By MRS. ELLEN M. HARRELL CANTRELL.

woman's portrait, head and shoulders
MRS. E. M. H. CANTRELL.

When Columbus, the man of destiny, standing in the vestibule of the Old World, drew aside the mysterious curtains that veiled its threshold, and set out on his career into unknown space, the peoples around him strained forward their eager vision to follow his dazzling course, while we, who stand here today in the culminated glory of his conception, look backward, with an interest scarcely less vivid, to pierce the obscurity from whence he emerged. There we find storm and lightning, blackness and gloom, marking the extinction of a nation, which, perhaps, more than any other, has held us with its spell of romance; namely, the Moors of Spain.

Beginning with the records of the patriarchs: they have been the theme for mediæval and modern writers; have been sung by troubadours, chronicled by historians, dramatized by poets, and may yet supply a subject, not inappropriate to this occasion, since they form the environment of Columbia's embryo hero, who, like the mythical Arabian bird, developed a new nation, from the ashes of the one just extinguished.

Prophet, poet, and painter have, in turn, brought before us for contemplation a certain group, which, though draped in the mists of antiquity, still appears in vivid outlines, appealing to our deepest emotions by its pathos, and which serves as an exponent of the histories of successive nations, more especially that of Spain.

I refer to the dual group of fugitives, Hagar and Ishmael, the outcast wanderers in the desert of Shur and the wilderness of Beersheba.

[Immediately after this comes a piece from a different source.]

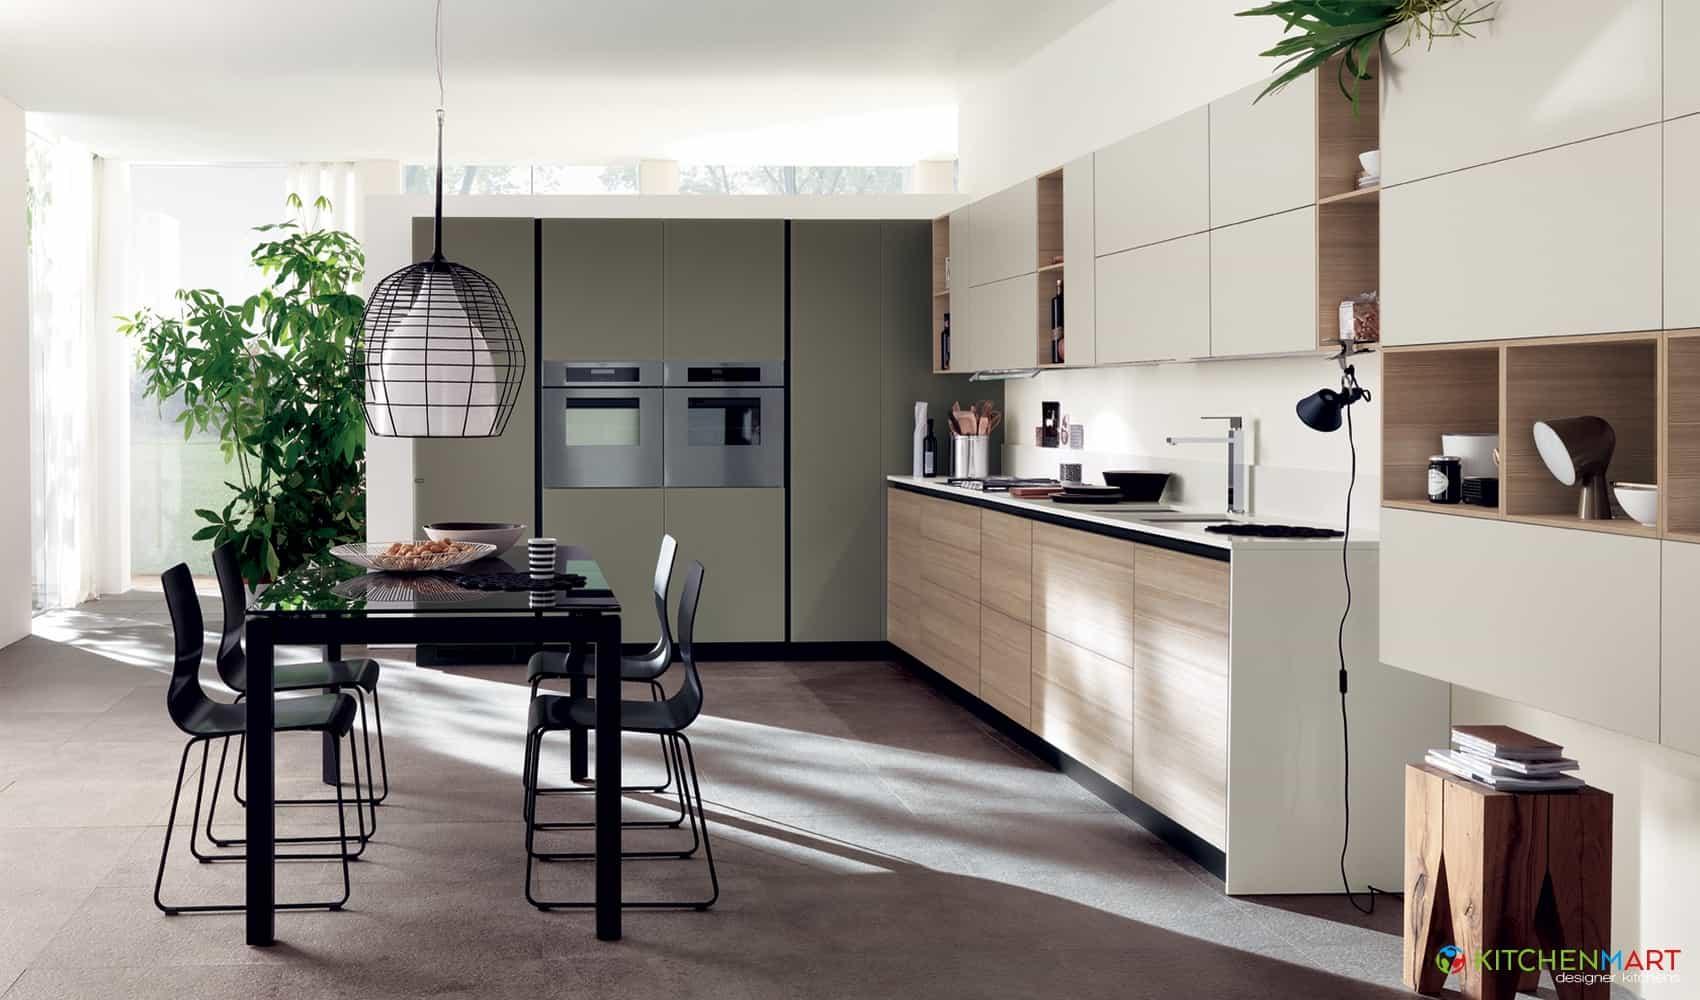 Contemporary Kitchens Melbourne Kitchen Mart Kitchen Renovations
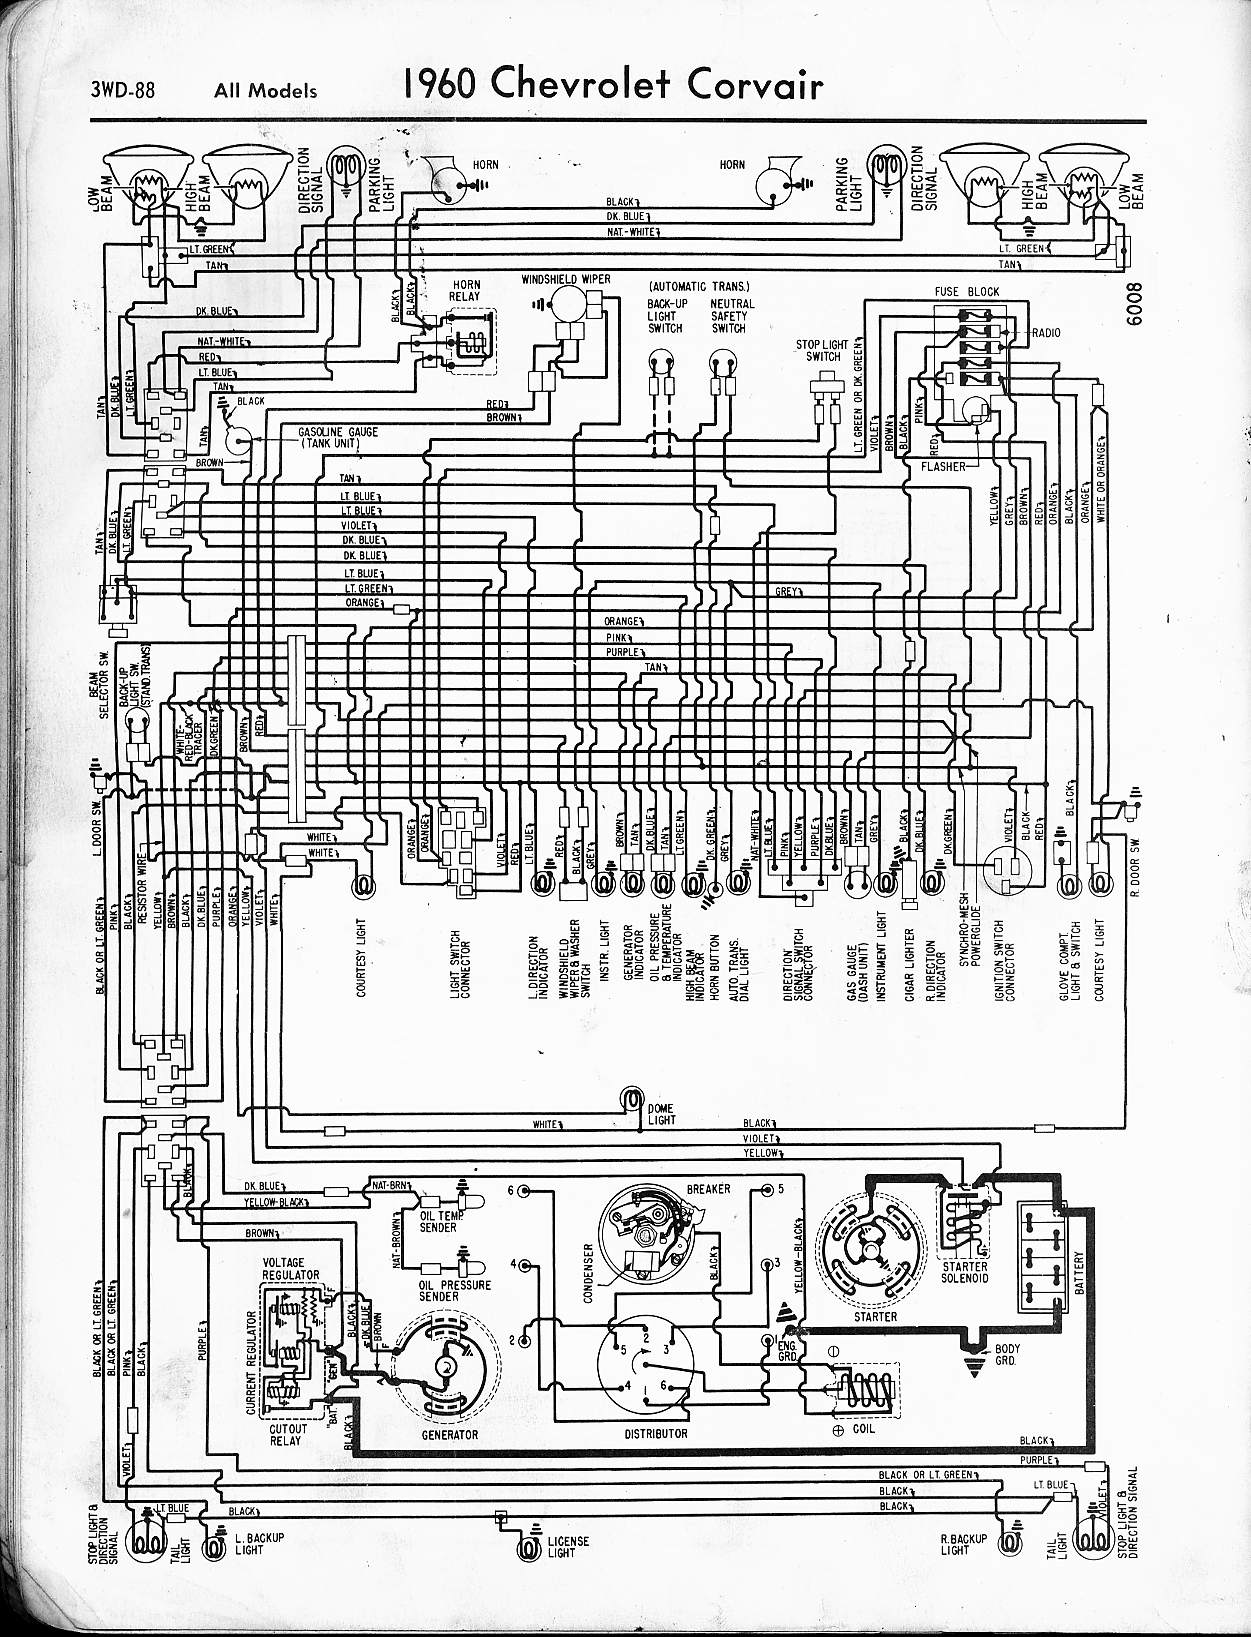 hight resolution of 1960 corvette wiring diagram wiring diagrams img 1963  corvair wiring diagram 1960 corvette

The prophet tells us, that of Ishmael it was foretold before his birth, by the angel of the Lord:

"He will be a wild man; his hand will be against every man, and every man's hand against him, and he shall dwell in the presence of his brethren," and later, in response to Abraham's prayer—"O that Ishmael might live before Thee," the Almighty God established with him this covenant—"As for Ishmael, I have heard thee: Behold, I have blessed him and will make him fruitful, and will multiply him exceedingly; twelve princes shall be beget, and I will make him a great nation. But my covenant will I establish with Isaac, which Sarah shall bear unto thee at this set time next year."

When Ishmael, the son of Hagar, the bondwoman, was thirteen years of age, a great feast was made in honor of Isaac, the babe, on the day of his weaning, and Sarah saw Ishmael mocking.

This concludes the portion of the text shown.